I tried to follow back the data variable and see where it came from, but it ends up in what looks like some PHP anonymous function call or something that I don't understand. I'm pretty sure it's a representation of the data from the .rrd file itself. I'm not sure if the value comes from the .rrd file itself or from the tool that parses it, though.

(Side note: I just realized that I was previously referring to the PHP as JavaScript. Shows what I know...)

scurrier

The POST involving rrd_fetch_json.php seems to have the expected resolution of 3600. So I think something funny is happening inside rrd_fetch_json.php. Not positive, though.

scurrier

Figured out where the problematic value of 7200 was coming from. It's from the RRD file itself when queried in rrd_fetch_json.php line 168 with the rrd_fetch() function and the options deriving from the POST data I attached in a picture above. I constructed the rrdtool fetch command that should result from that POST data and ran it on the command line against the file directly:

me@my-machine:~/pfsense$ rrdtool fetch rrd/WAN_DHCP-quality.rrd AVERAGE -r 3600 -s now-1m+1hour -e 1595460745-1hour
                           loss               delay              stddev

1592978400: 0.0000000000e+00 1.5691636408e-02 6.2196527951e-03
1592985600: 0.0000000000e+00 9.1416309671e-03 2.7422781960e-03
1592992800: 0.0000000000e+00 8.8436429234e-03 2.5432010581e-03
1593000000: 2.6234902083e-02 9.2394222539e-03 3.5694343962e-03
1593007200: 5.2510052500e-02 1.0458579000e-02 4.6231059930e-03
1593014400: 0.0000000000e+00 1.0825514267e-02 4.7963684750e-03
<snip>
1595419200: 0.0000000000e+00 8.0070629420e-03 1.7023876495e-03
1595426400: 0.0000000000e+00 8.5285815145e-03 2.3826874231e-03
1595433600: 7.1014380729e+00 8.6965289475e-03 2.7509416831e-03
1595440800: 4.1289524583e-02 8.8894945167e-03 2.6180607746e-03
1595448000: 6.1264454861e-02 8.7516545776e-03 2.4379814676e-03
1595455200: 0.0000000000e+00 8.6976092202e-03 2.6467615867e-03
1595462400: -nan -nan -nan

The values to the left of the colons are some kind of timestamp in seconds. If you look at the difference between them, you'll see it's 7200. I believe rrd_fetch() function is using that difference to determine a step property for the result that is used on line 174 . Later, this data is referenced as data[0].step on line 1139 of status_monitoring.php as shown in my post from 2 days ago and the problem occurs when there's no matching key in timeLookup.
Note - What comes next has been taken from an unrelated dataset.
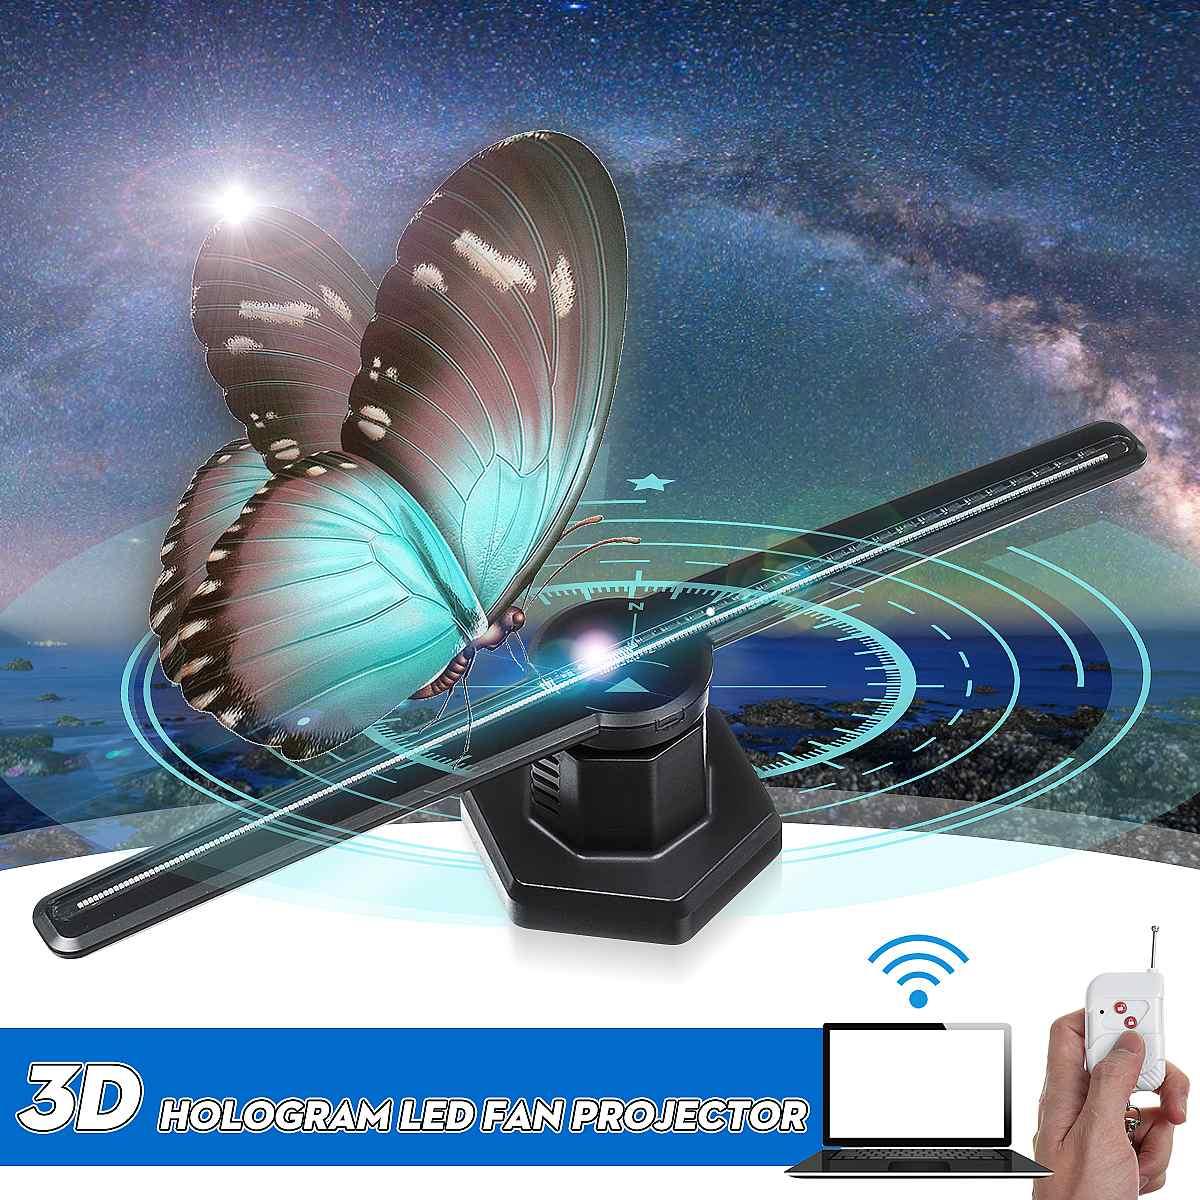 AC 100-240V 224LED Wifi 3D ホログラフィックプロジェクターホログラムプレーヤー LED 表示画像化ランプファン広告ライトリモート制御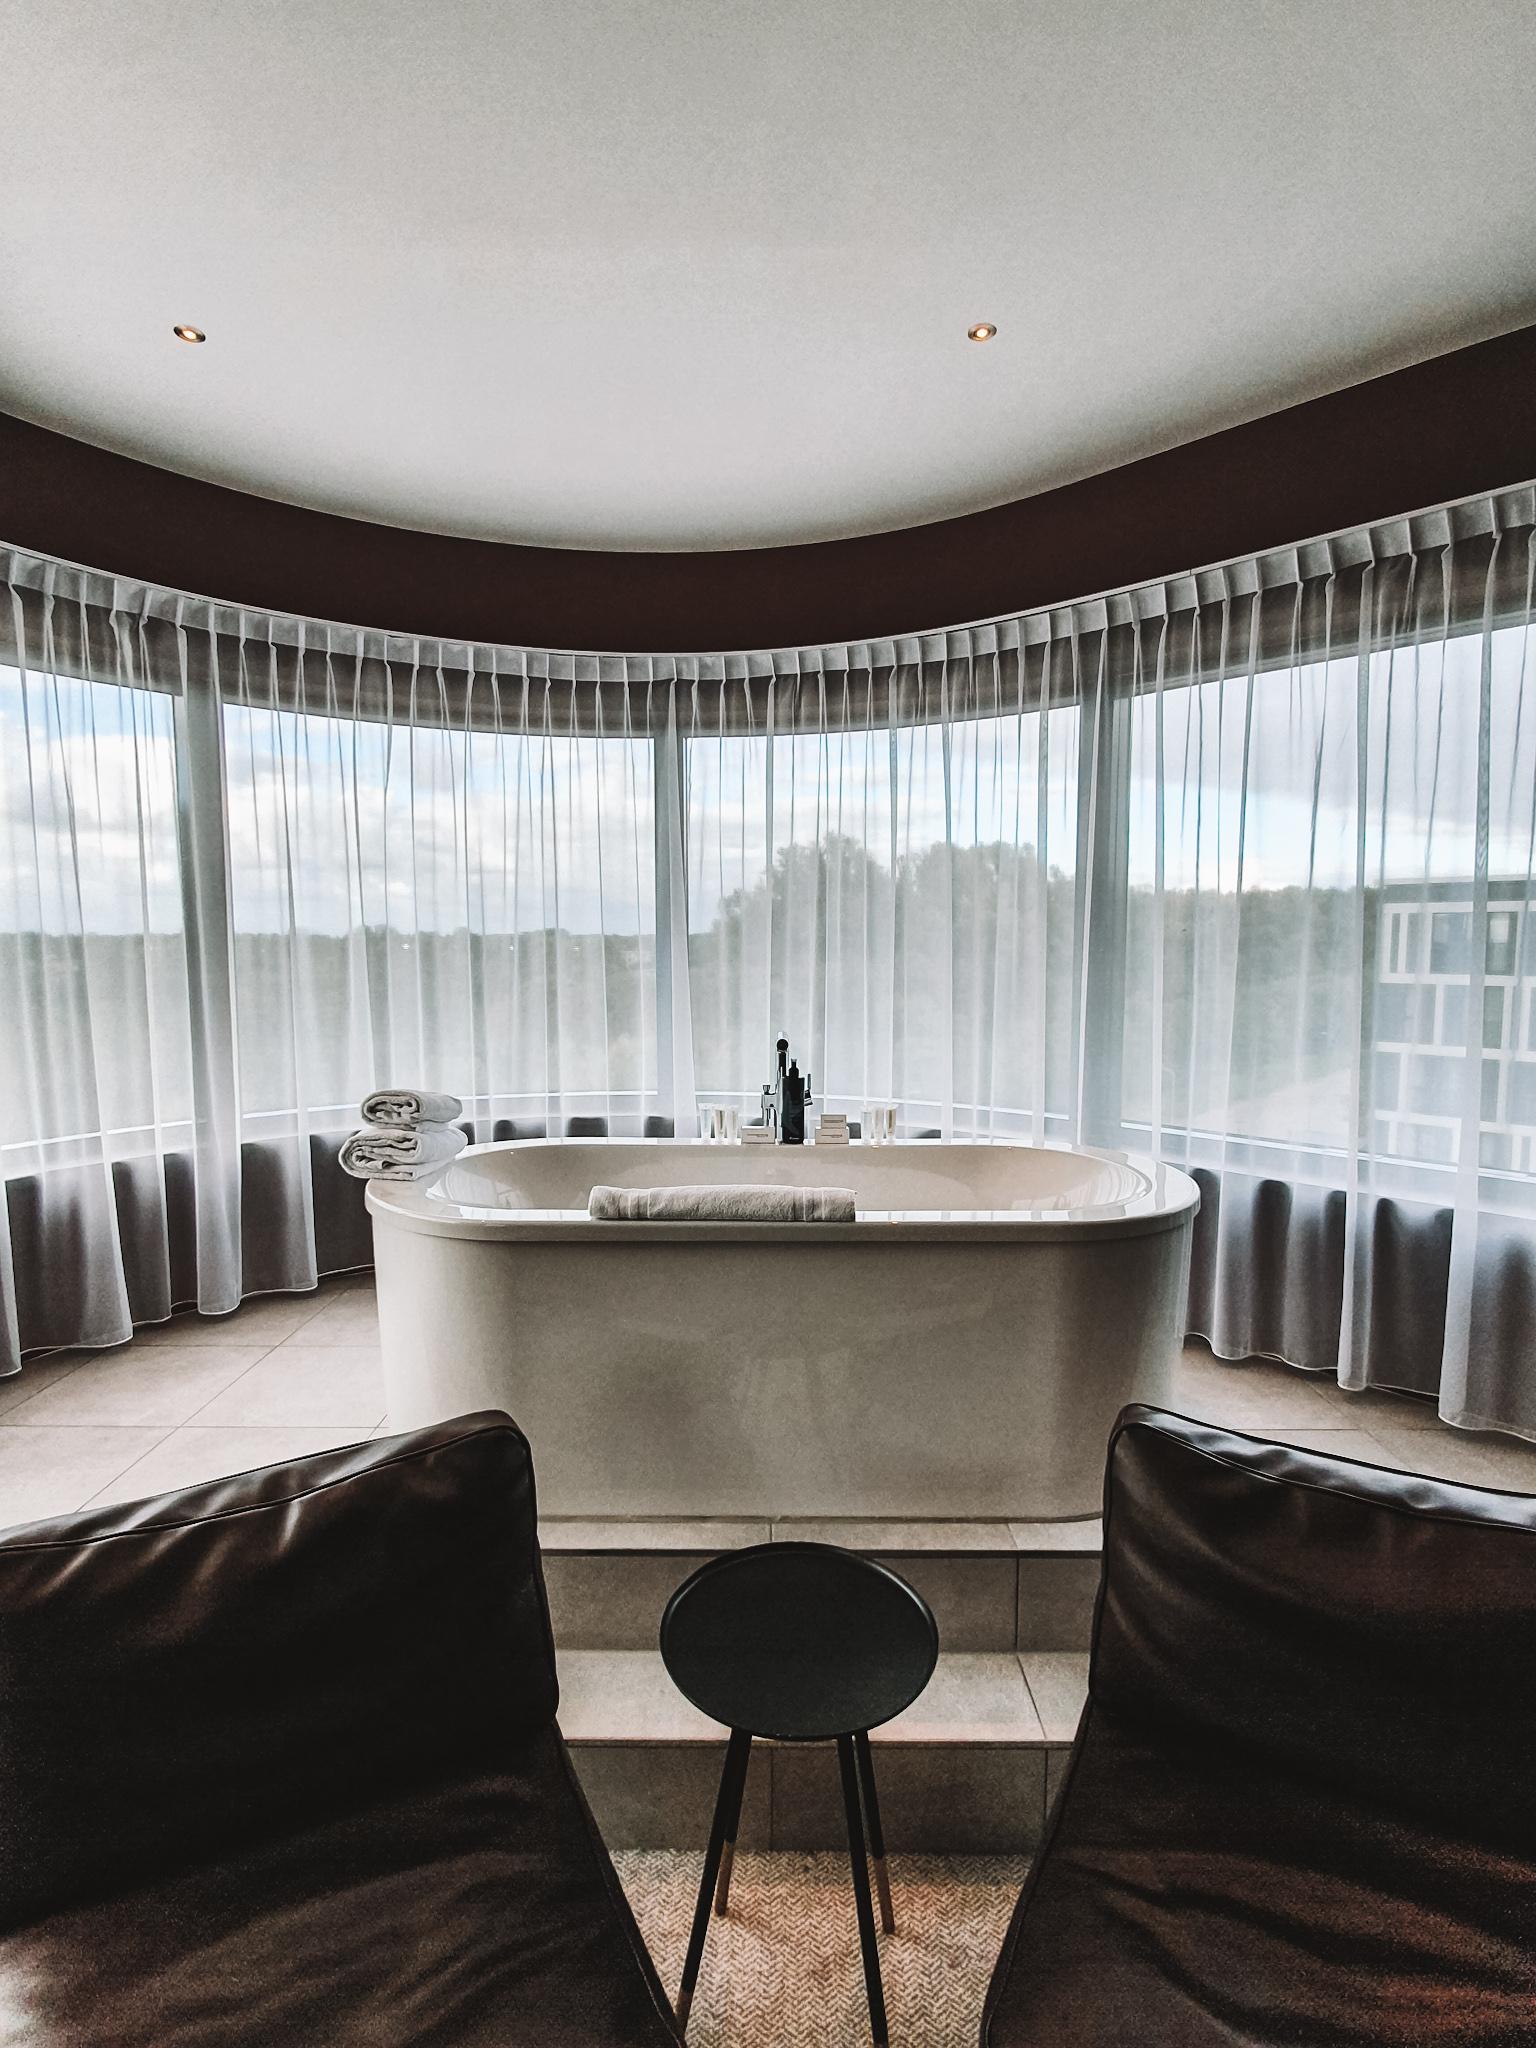 Bathtub Corendon Village Hotel

So, here we have traced the problem all the way back to the RRD file itself. Looks like this potential step size was not anticipated and so was not included in the timeLookup array. My firewall has been running for 6 years, so maybe that length of time has something to do with it? Resolution has decreased as things filled up? I don't know. The good news is that it appears the fix is as easy as adding a line to timeLookup to account for it. Either that or diving really deep into RRD tool or the place where RRD tool is invoked to create the files and figure out if anything there could be causing it. I don't plan on doing that.

scurrier

The rrdtool fetch documentation even describes that the resolution argument may not be honored. That's what's happening here. We asked for resolution 3600, but it's not honored.

--resolution|-r resolution (default is the highest resolution)

    the interval you want the values to have (seconds per value). An optional suffix
may be used (e.g. 5m instead of 300 seconds). rrdfetch will try to match your request,
but it will return data even if no absolute match is possible.